> **Work to complete**
Before returning the data, strip out the pictures and keep everything else exactly the same.

> **Given information**
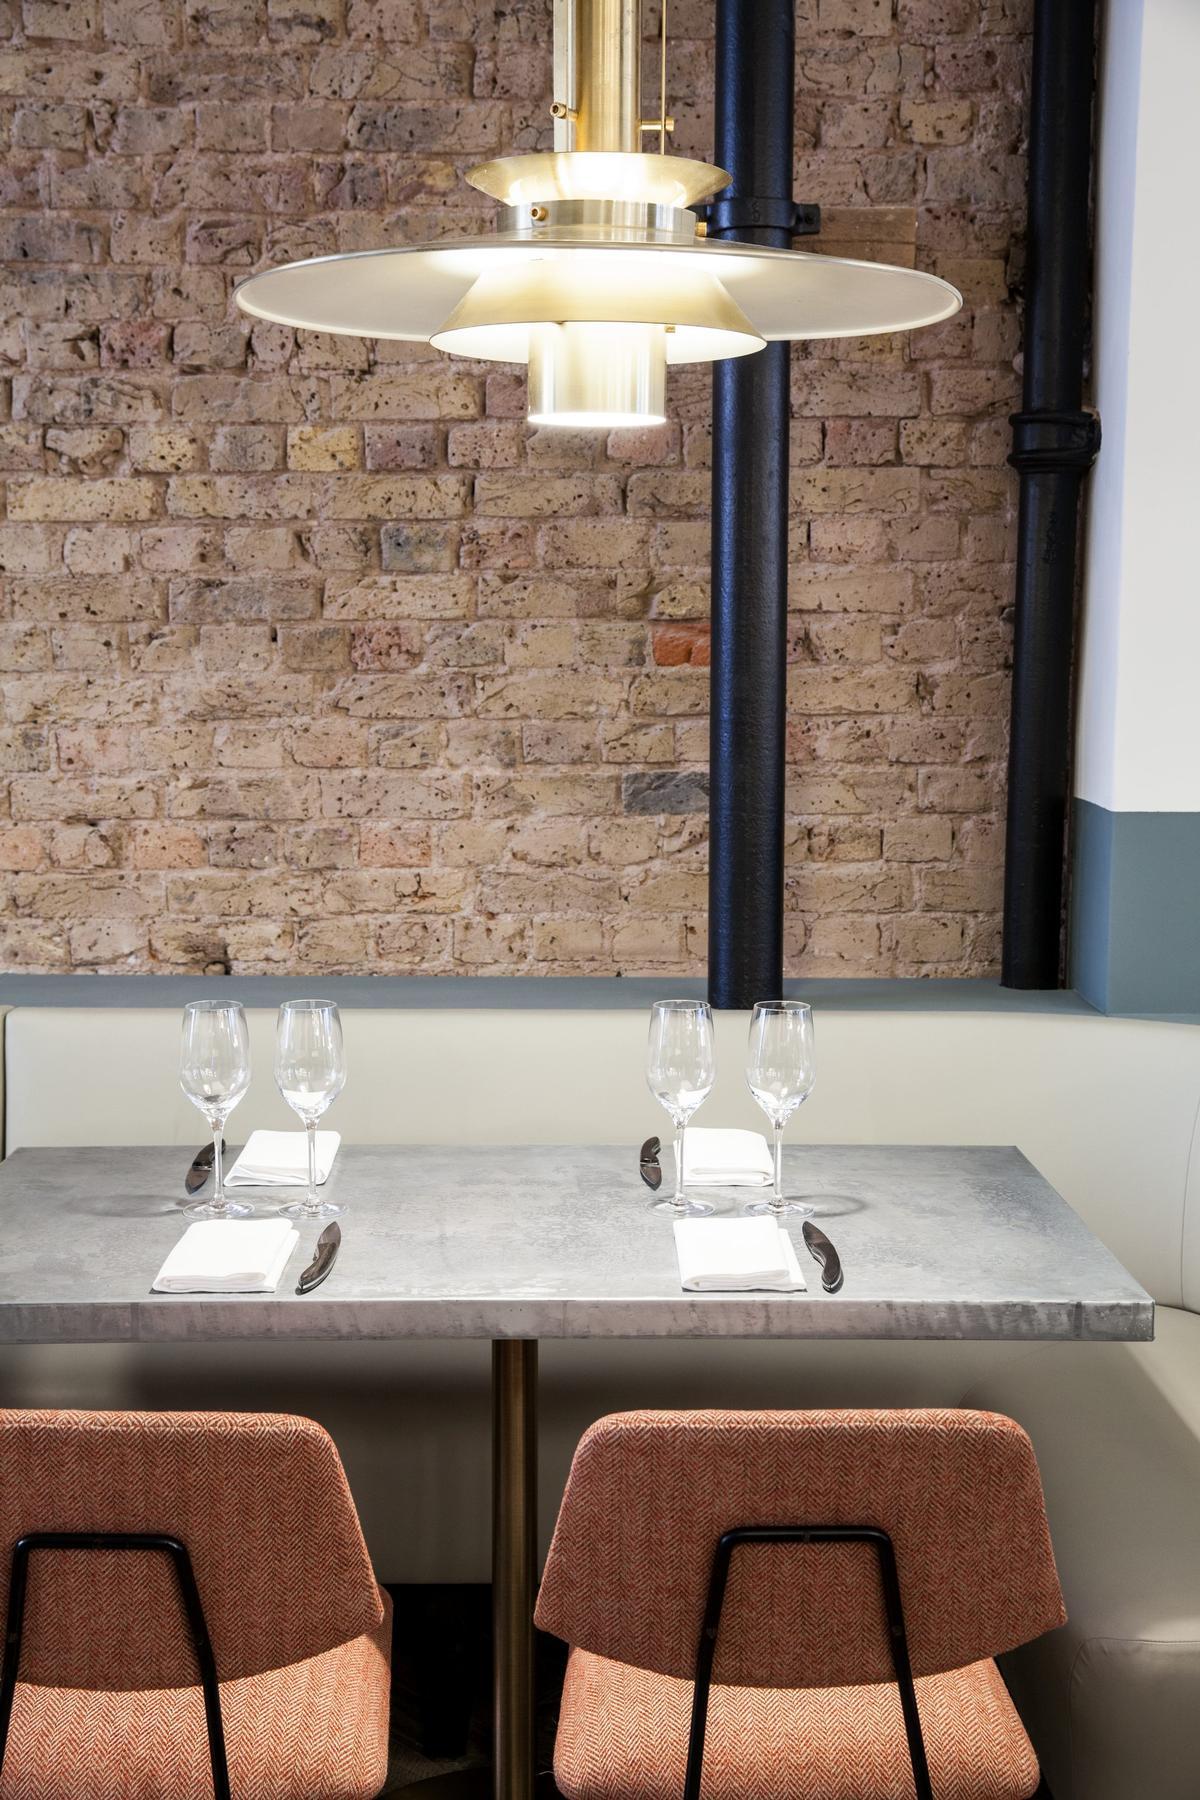 parisian restaurant frenchie opens theatre inspired london
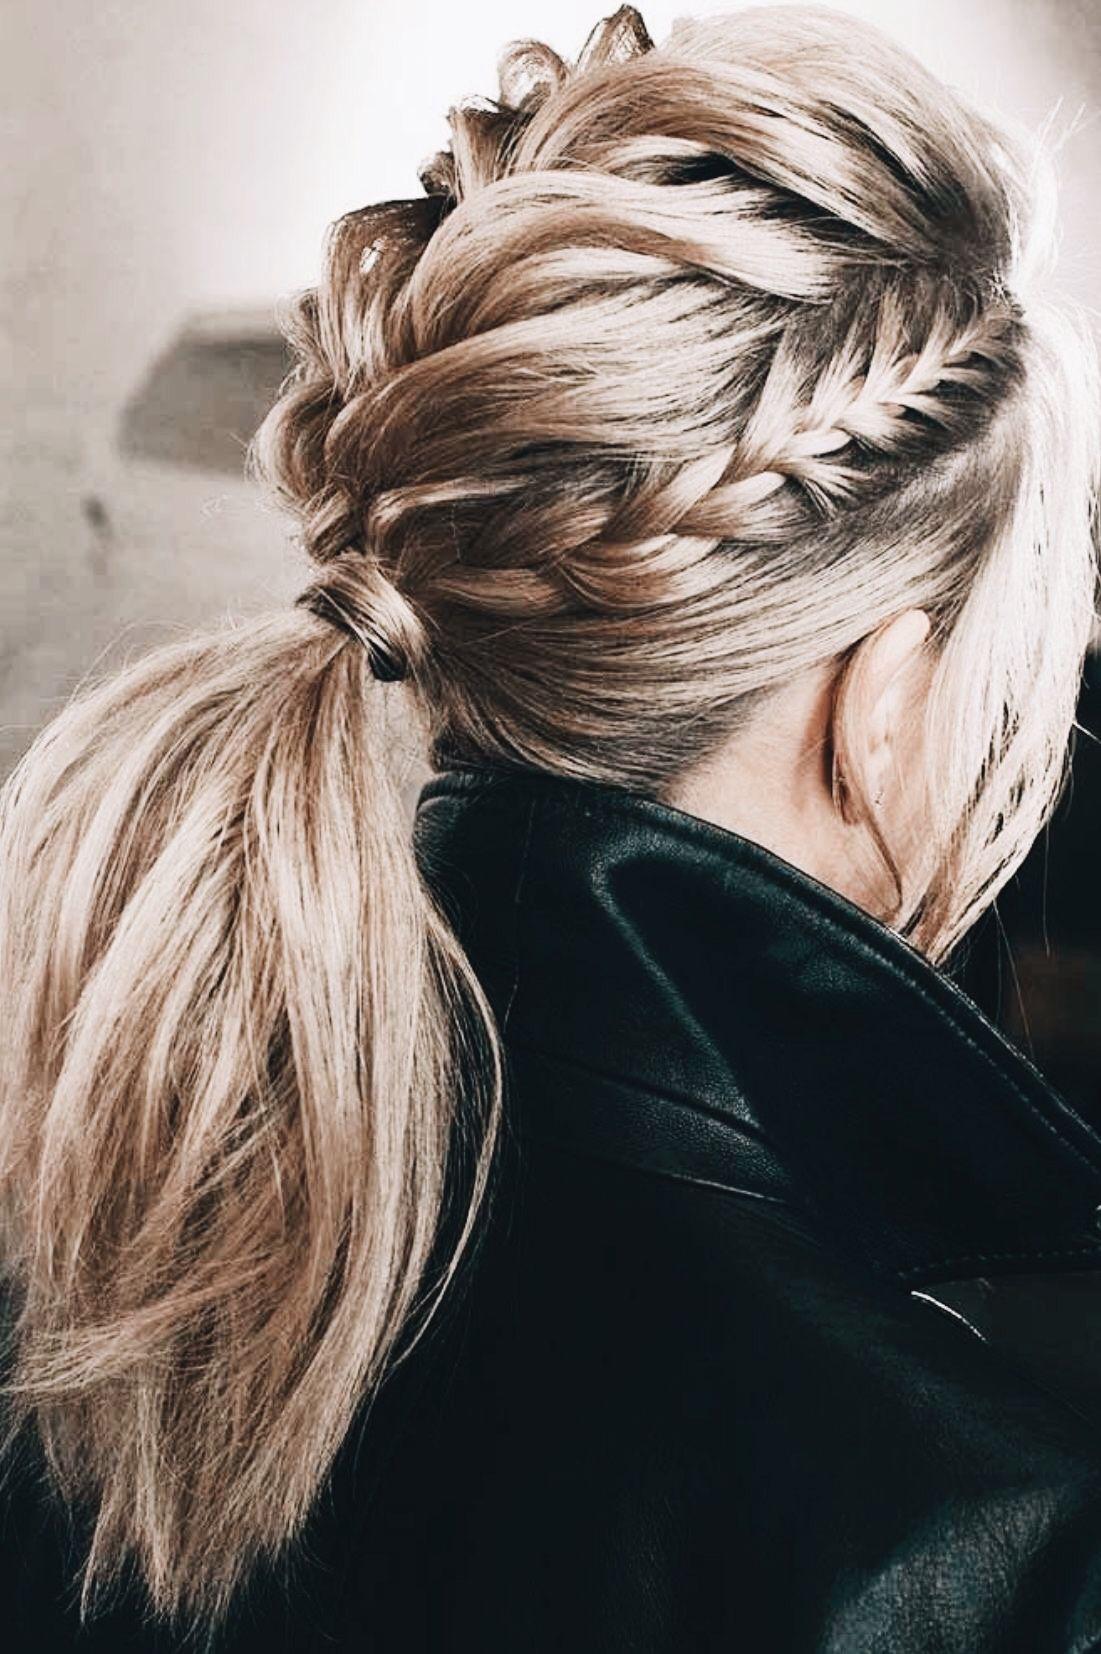 Pin by simone strickland on hair in pinterest hair hair
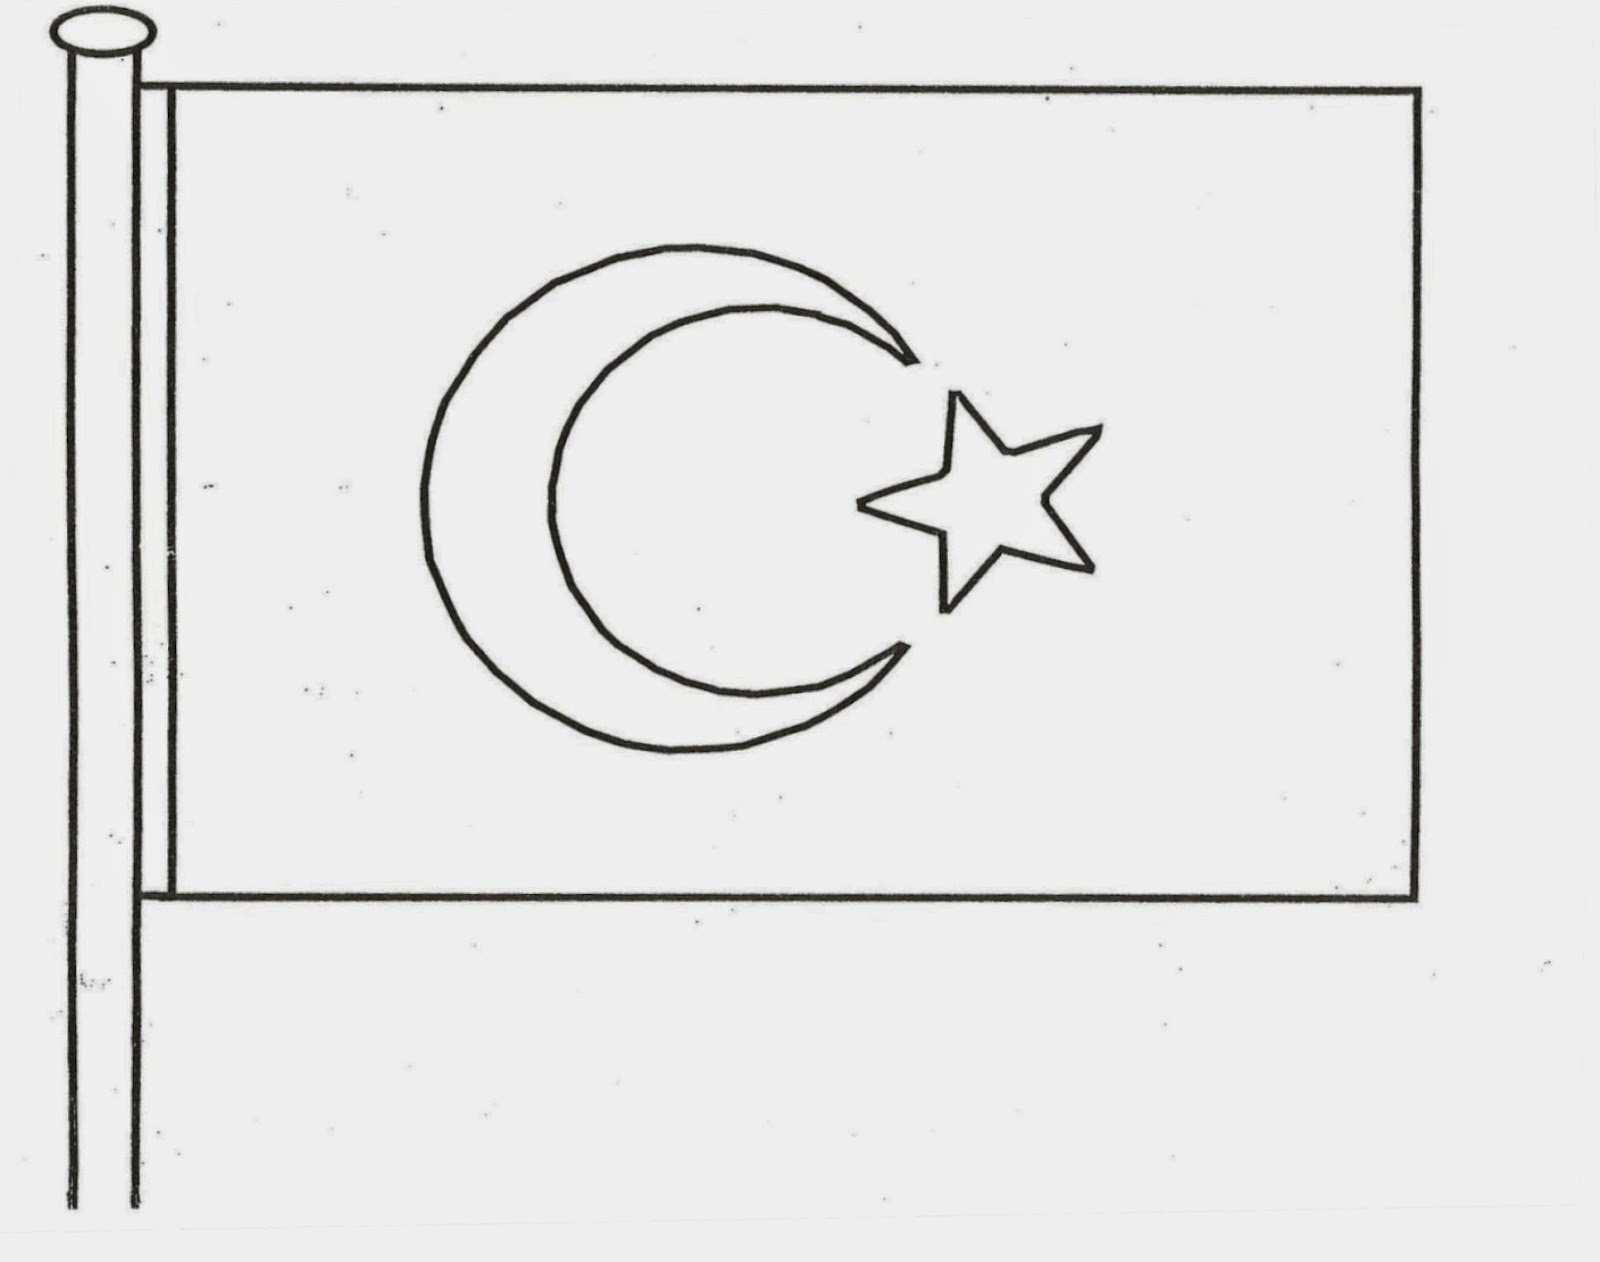 Turk Bayragi Cicicee

> **Task output**
 parisian restaurant frenchie opens theatre inspired london
 Pin by simone strickland on hair in pinterest hair hair
 Turk Bayragi Cicicee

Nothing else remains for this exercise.